Braised Beef Tendon
1.
Ingredients: beef tendon meat.
2.
Add cold water to the pot and heat, add beef tendon meat, add 6 grams of cooking wine and 3 slices of orange peel, remove the bleeding foam and remove it.
3.
Prepare a variety of small ingredients: Pixian bean paste, green onion and ginger cut into large pieces, garlic, dried chili, aniseed, peppercorns, Angelica dahurica, cloves, cinnamon, bay leaves, dried hawthorn slices.
4.
Pour oil into the pot. When the oil is warm, add bay leaves, peppercorns, Angelica dahurica, aniseed, cloves, and cinnamon and stir fry until fragrant.
5.
Add Pixian bean paste and stir fry to get the red oil.
6.
Add green onion, ginger and garlic and sauté until fragrant.
7.
Add 10 grams of cooking wine, stir up the small ingredients to get the aroma.
8.
Pour the small ingredients into the pressure cooker and add the beef tendon.
9.
Add dried chili, hawthorn slices and orange peel.
10.
Add appropriate amount of water, add light soy sauce, dark soy sauce, sugar and salt, bring to a boil, cover, and press for 18 minutes.
11.
After the steam in the pot is drained, remove the beef shank.

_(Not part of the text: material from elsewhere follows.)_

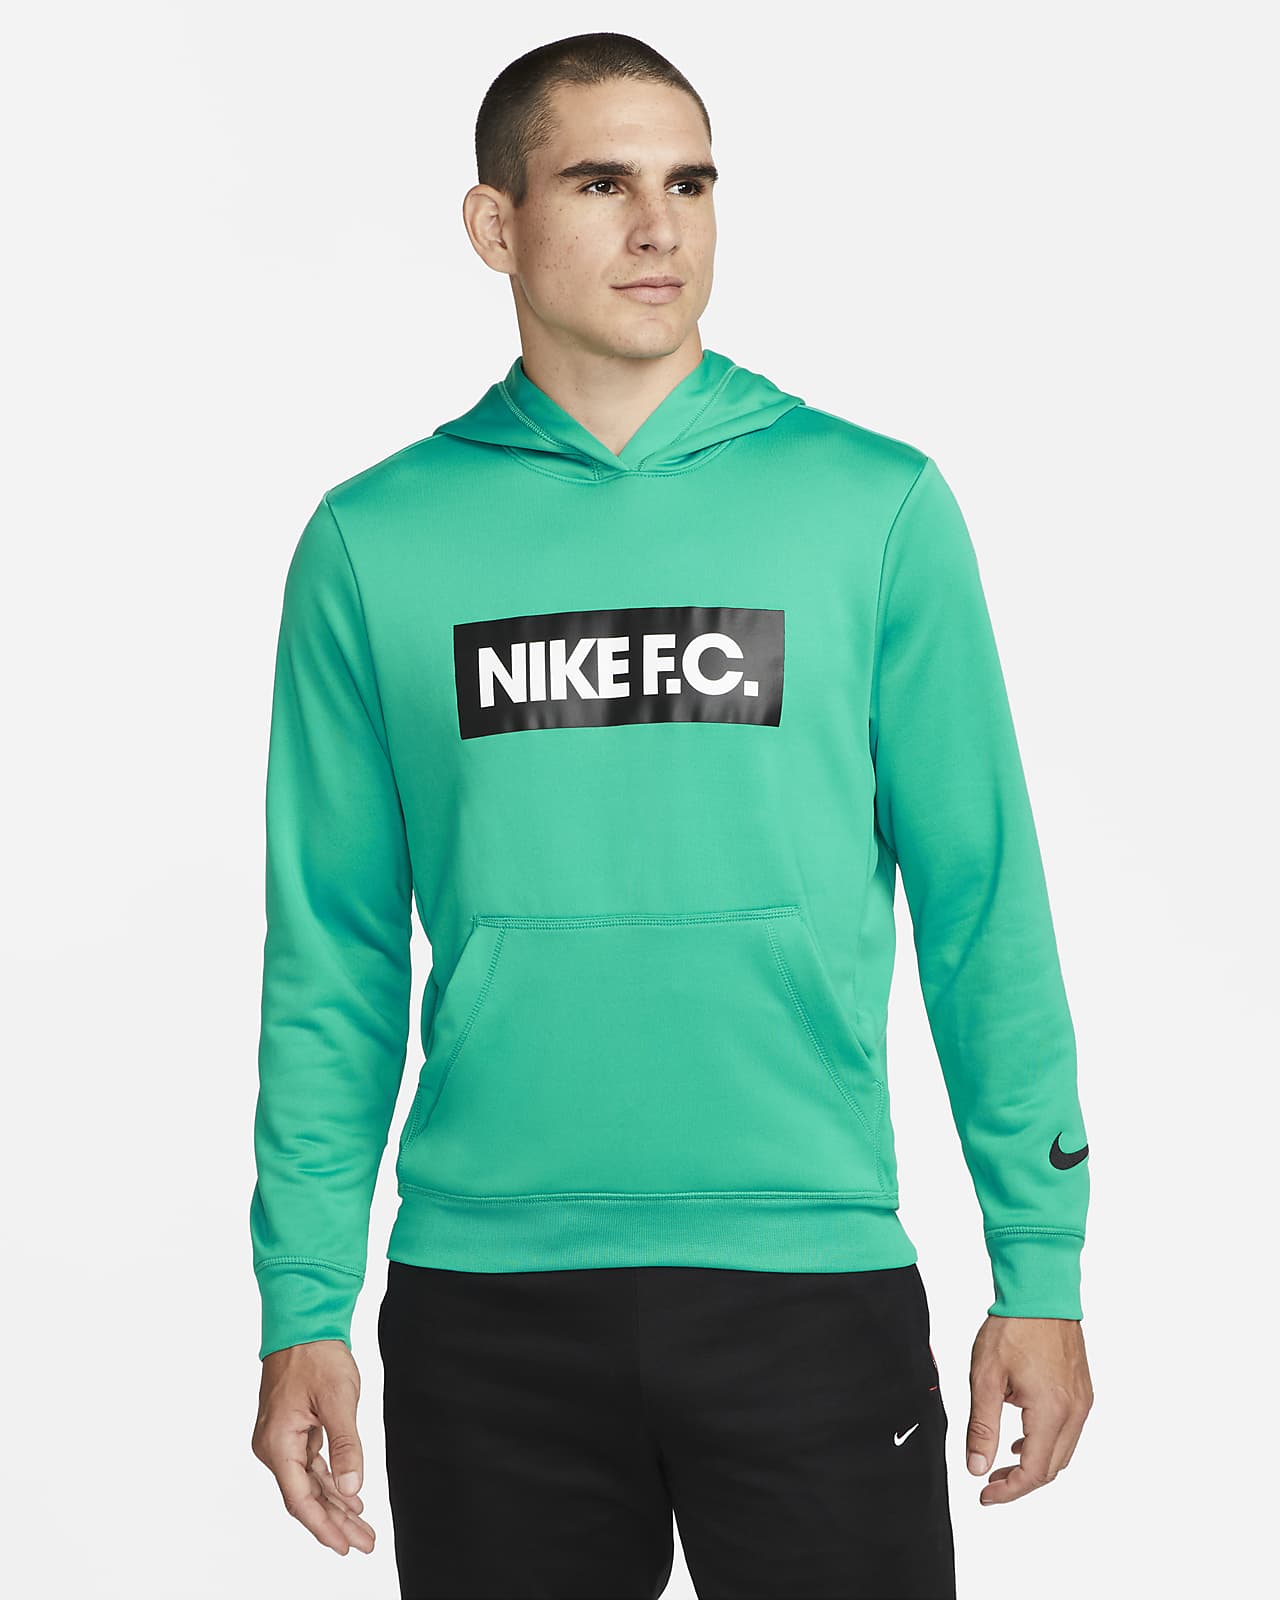 Nike F.C. Men's Soccer Hoodie

The small ingredients can be discarded. It tastes best after soaking in the soup for a day.
12.
Finished product.
Tips:
1. Before cooking beef tendon, soak for one hour to remove blood.
2. If you want the marinated beef to be darker in color, increase the amount of soy sauce.
3. No pressure cooker is needed. It takes a longer time to use an ordinary pan, and more water should be added.
4. The marinated meat is best to be soaked in the original soup for a while to taste better.